The truth is, I will never understand why people leave a church home and are vocal about the fact that they’re leaving (for reasons not pertaining to any moral failing). I also don’t understand why other members of the church they’ve left are okay with hanging out, talking casually with, or continuing in deep relationship with a person who spurned the people they love. Doesn’t anyone else chafe at unfaithfulness, disloyalty, and dissension anymore??
I’ve heard reasons like: #1 “Oh I had to leave because I disagreed with this or that…” Seriously? Disagreement is life! How shallow are we if we’re willing to walk away from relationships when we don’t see eye-to-eye? Whatever happened to Biblical reconciliation and caring enough to talk with each other and find resolution? If we don’t, are we really the “ministers of reconciliation” that we’re called to be? (2 Cor. 5:11-21) Are we even true followers of Christ if we choose the coward’s way out by “cutting-and-running”?

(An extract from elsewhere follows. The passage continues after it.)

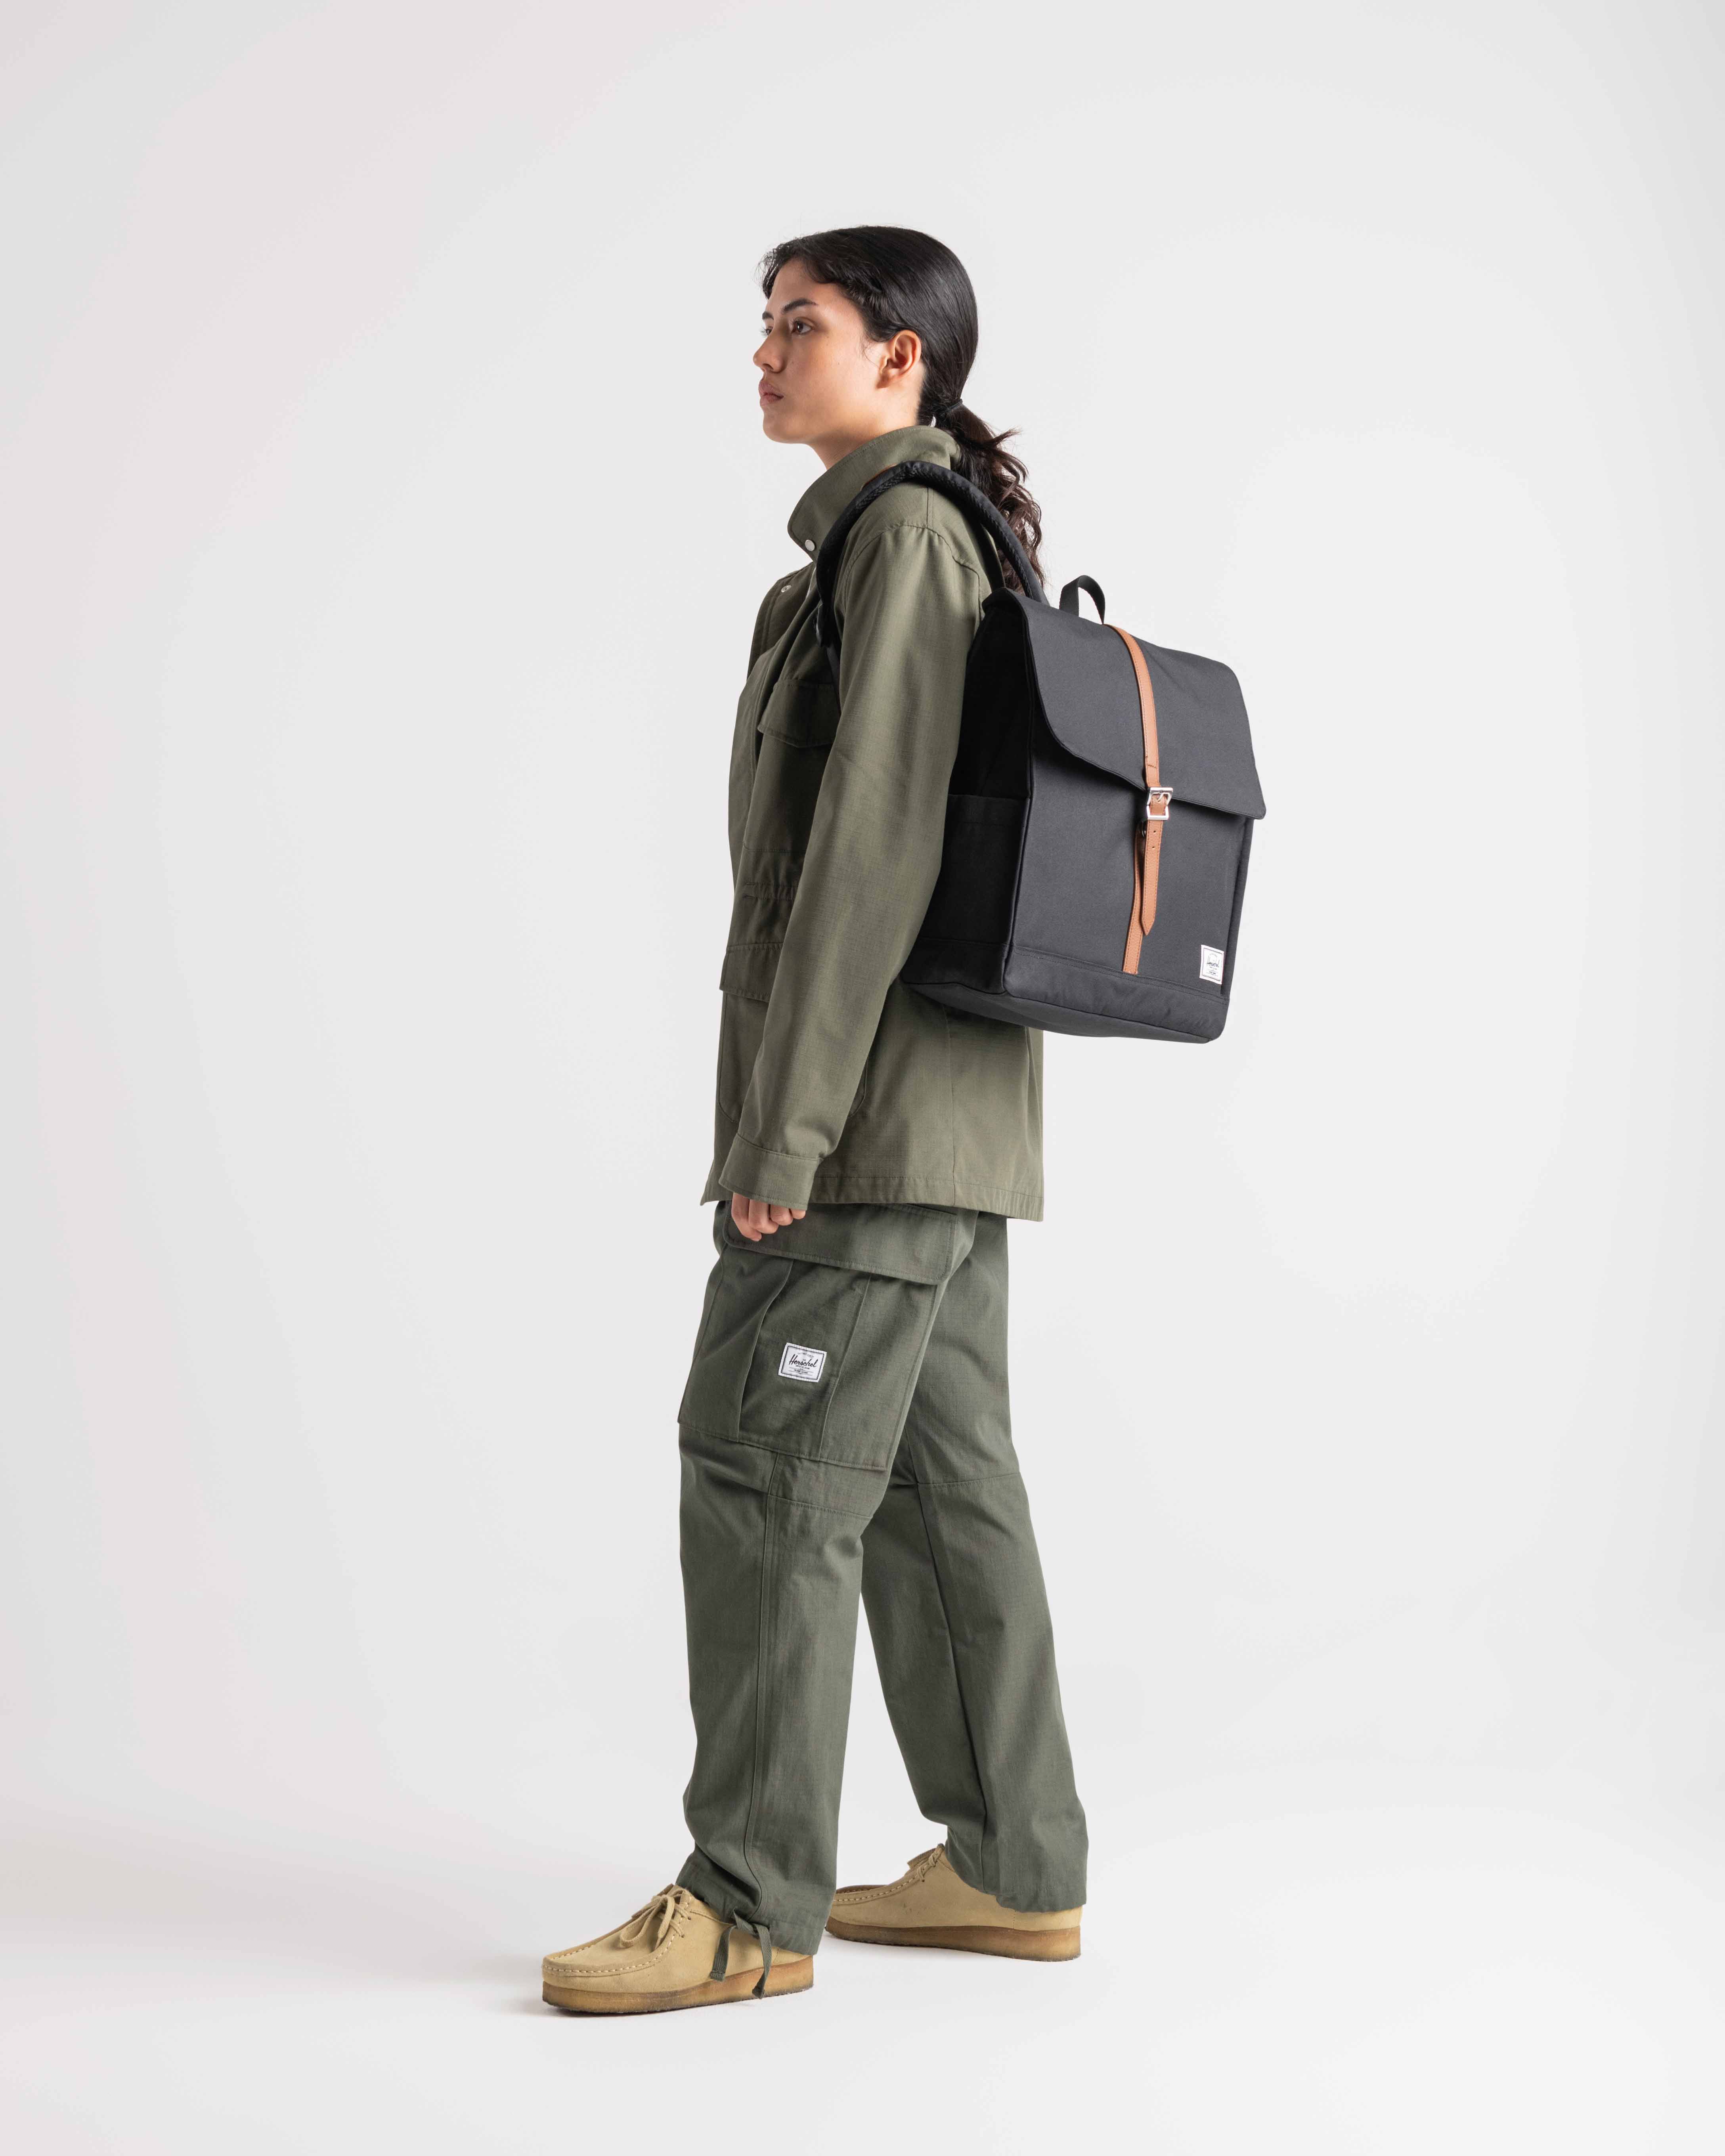 City Backpack 16L | Herschel Supply Company

#2″I felt God leading me elsewhere…” Does God lead people out of an environment where they are loved and growing unless it’s to plant another ministry that’s in unity with their home church and family? I don’t see that anywhere in scripture, do you? And even in the scenario of a “plant,” it’s not leaving, it’s building – everyone agrees and is excited! Each visit is a long-anticipated reunion where we talk about the goodness of God, not an awkward meeting where we don’t discuss church!
#3 “I can make new friends…” This depends on what you consider a friend. Only a true friend, who knows you well, will tell you what you don’t want to hear because they’re anxious to see you blessed and growing spiritually. If we can’t receive nurturing accountability from people who love us, then we will never have true, lasting friends. In the end, we will be very much alone. Lack of commitment is a systemic failing of our culture and is the antithesis of everything we claim to be if we say we’re a follower of Jesus Christ.

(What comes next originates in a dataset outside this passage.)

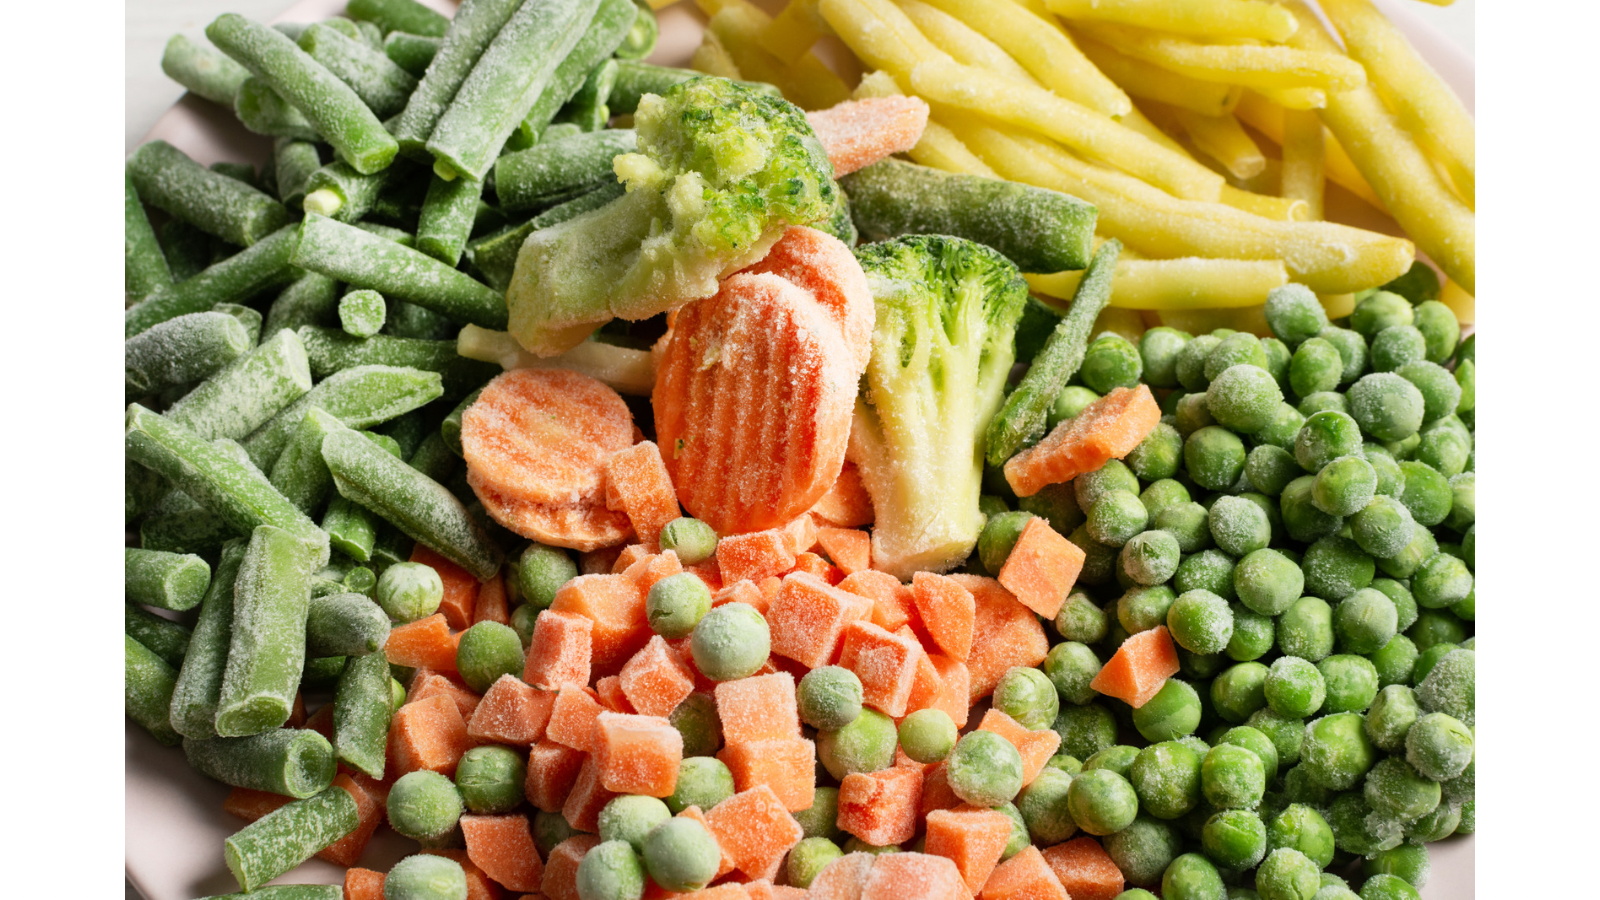 Why You Should Cook With Frozen Vegetables

For the rest of us, are we so anxious to be understanding and accommodating of people’s issues that we aren’t willing to love a person into right behavior and unity that will bless them and us with continued growing relationships as a functioning part of the church? If we enable a person’s issues or venting of frustrations instead of encouraging them to make things right, how does this bless them? How can there be deep, loyal relationships, growth, training, and accountability in a family if people just get offended and leave and no one says anything about it?? Whatever happened to doing things by The Book – actually applying scripture to the situation instead of doing what we feel and just bailing or allowing someone to bail without consequences?! (Matthew 18) Where’s the reconciliation and the faithfulness that makes church a family and a home? This is what Christmas is all about to me.
I don’t know what anyone else is praying for this Christmas but I’m praying for my lost church family, those I still love but can’t celebrate with this year. There is still hope in the humility of Jesus’ birth and the salvation of His sacrifice for us, if we’re willing to receive and apply His life to ours. Despite the painful reminders of our humanity during an idealistic season, we celebrate a greater, heavenly reality in a future with Emmanuel, One who will never leave us, this Christmas.